You’re not in love with your workmate! It is just shared deadlines and bad coffee

By , June 3, 2026

In modern workplaces, it is very easy for feelings to become confusing, especially when you spend long hours around the same people every day. What may start as a friendly conversation during coffee breaks or shared jokes during stressful deadlines can slowly begin to feel like something deeper. Suddenly, you find yourself thinking about a particular co-worker more than others and wondering if what you feel is love.
However, in many cases, what feels like love is not actually love at all. It is often something called the proximity effect, where constant closeness creates emotional familiarity that the brain misinterprets as romantic attraction. It is important to understand this difference because workplace emotions can easily cloud judgment and lead to decisions that feel real in the moment but do not stand the test of time outside the office environment.

Proximity and familiarity bias

One of the strongest psychological reasons people mistake co-worker attraction for love is proximity and familiarity bias. When you see the same person every single day, your brain starts to treat them as emotionally important simply because they are always present.

Familiarity creates comfort, and comfort can feel like an emotional connection. You begin to recognise their habits, their tone of voice, even the way they sip their tea during meetings. This repeated exposure builds a sense of attachment that has nothing to do with true romantic compatibility.
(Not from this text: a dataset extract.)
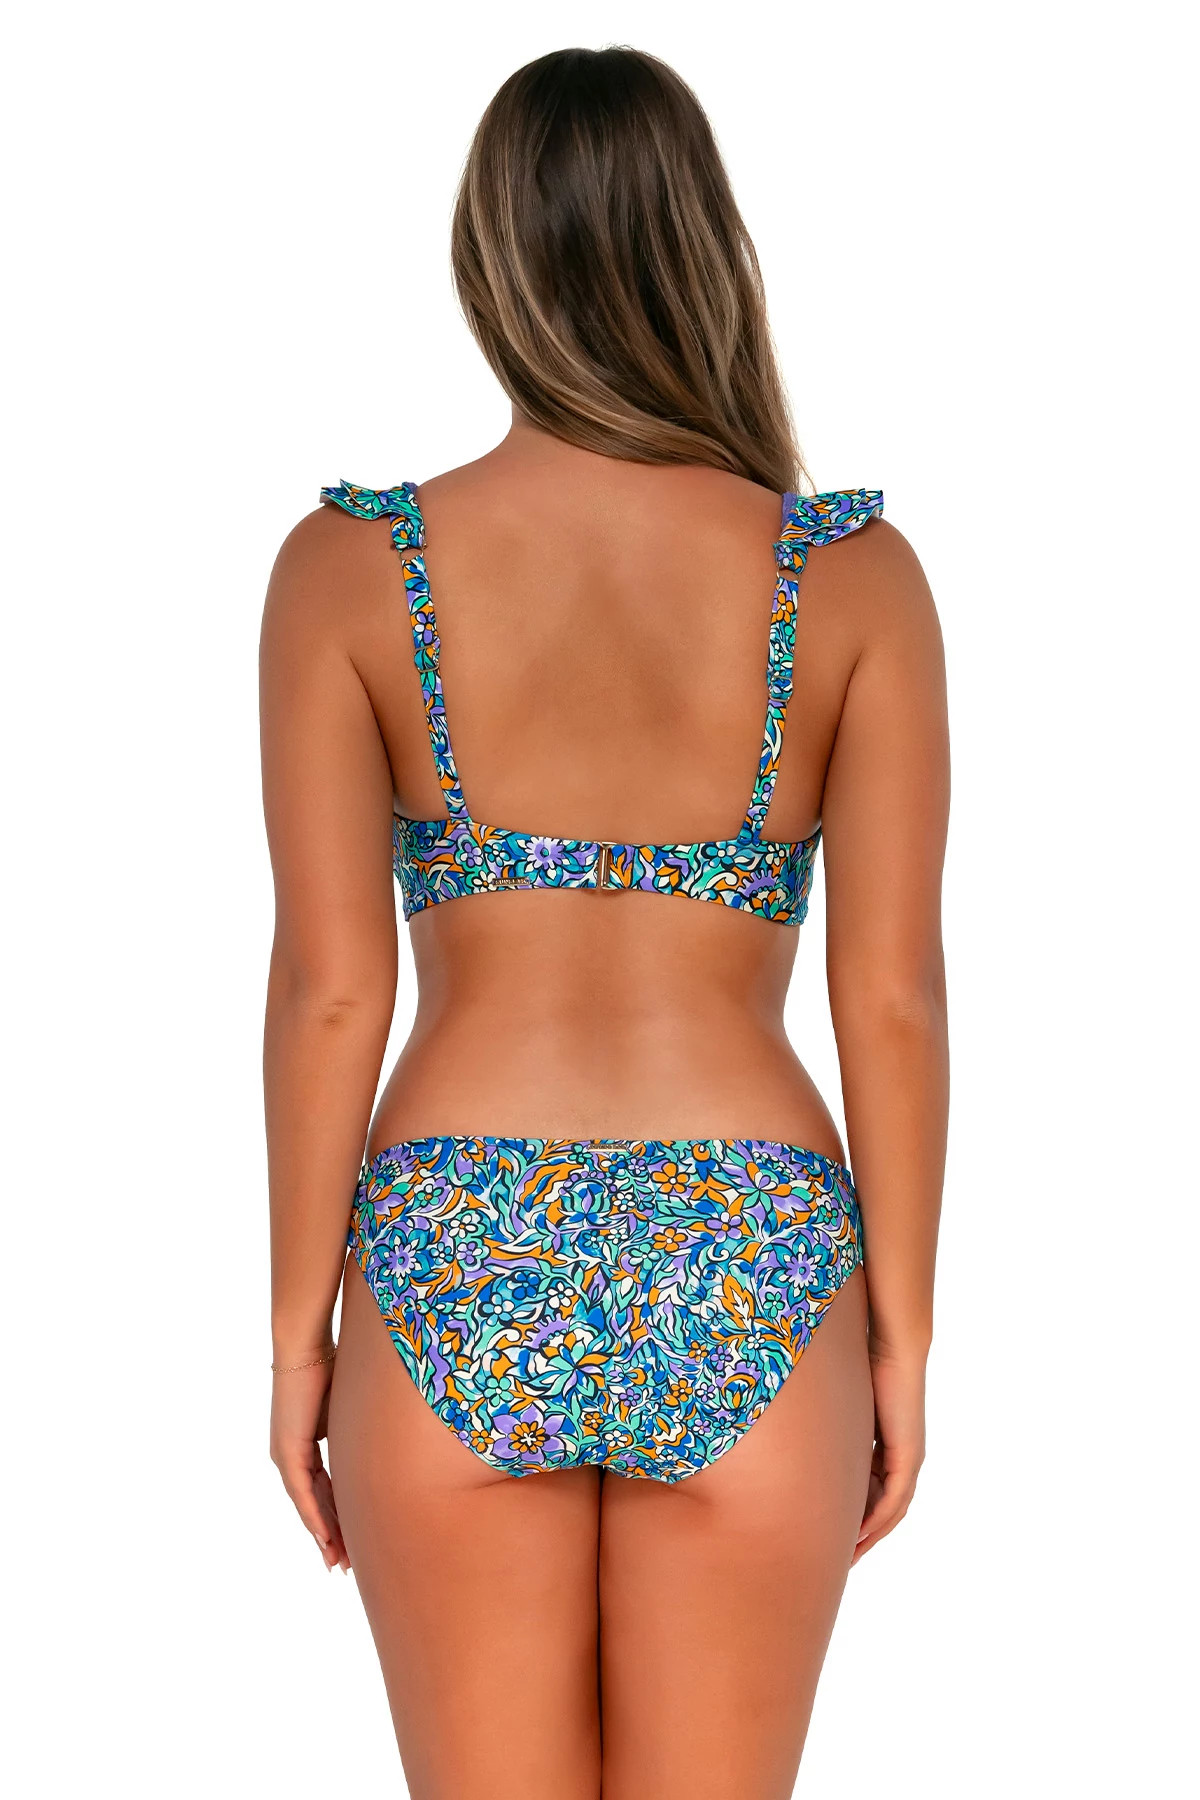 PANSY FIELDS Willa Wireless Bralette Bikini Top (E-H Cup) image number 2

It is similar to hearing the same song on repeat until you start to believe it is your favourite, even if you never chose it in the first place.
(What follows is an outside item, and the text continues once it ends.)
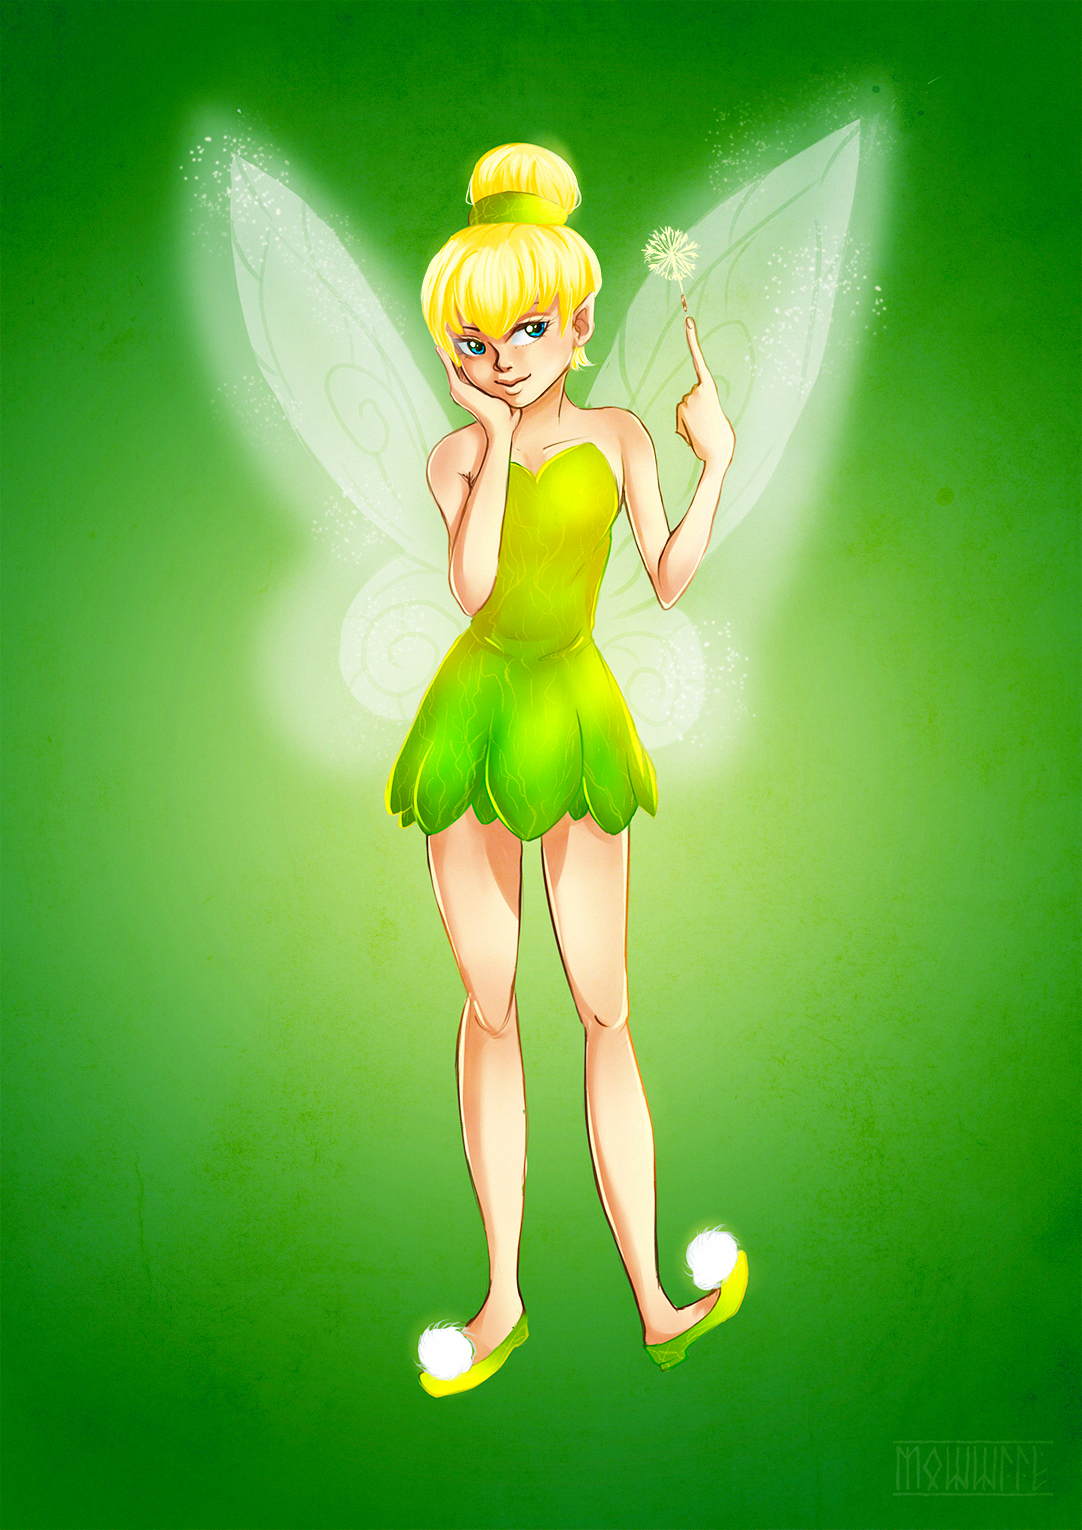 Tinker fairy

Shared stress and emotional dependency at work

Workplaces are often high-stress environments, and shared pressure can create strong emotional bonds. When you and a co-worker are struggling with deadlines, difficult clients, or demanding supervisors, you naturally lean on each other for support. This shared emotional experience can feel very intimate. You may laugh together after a tough meeting or encourage each other when things go wrong.
Over time, this emotional teamwork can start to resemble emotional dependency. However, what is happening is not necessarily a romantic connection. It is simply two people trying to survive a stressful environment together. Outside that environment, the intensity of those feelings often fades because the shared stress that fueled them no longer exists.
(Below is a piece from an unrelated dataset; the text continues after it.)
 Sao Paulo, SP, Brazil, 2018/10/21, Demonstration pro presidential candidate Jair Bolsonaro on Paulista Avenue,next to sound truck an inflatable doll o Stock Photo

Mistaking availability for compatibility

Another common reason people believe they are in love with a co-worker is simple availability. When someone is consistently accessible, it becomes easy to assume they are the right emotional match. You talk during lunch, exchange messages about work, and perhaps even sit near each other in meetings.
This constant interaction can make it feel like you share deep compatibility, but in reality, it is often just convenience. True compatibility is tested outside routine interactions, in different environments, moods, and life situations. Just because someone is always there does not mean they are the right person for emotional or romantic connection. Sometimes, the heart is simply reacting to what is most reachable, not what is most suitable.

Office persona versus real personality

People at work rarely show their full personalities. Everyone is performing a professional version of themselves, shaped by expectations, deadlines, and workplace culture. This means the version of your co-worker that you find attractive may not be their full self. They may appear calm, confident, or charming in meetings, but that is only one side of them. Outside work, they may have completely different habits, values, or communication styles. When attraction develops based only on the office persona, it becomes easy to fall for an incomplete picture. Love requires understanding someone in multiple contexts, not just the polished version they present between nine and five.

Lack of external perspective and dating variety

When your daily routine revolves around the same environment and the same people, your emotional world becomes limited. Without external social variety, your brain starts assigning greater significance to the few available options. This is why a co-worker can begin to feel like a major romantic possibility even when there has been no real exploration of other connections. Lack of outside perspective reduces comparison, and without comparison, attraction can feel stronger than it actually is. Meeting new people, engaging in different social spaces, and broadening your interactions often reveals that what felt intense at work was simply emotional scarcity rather than genuine romantic depth.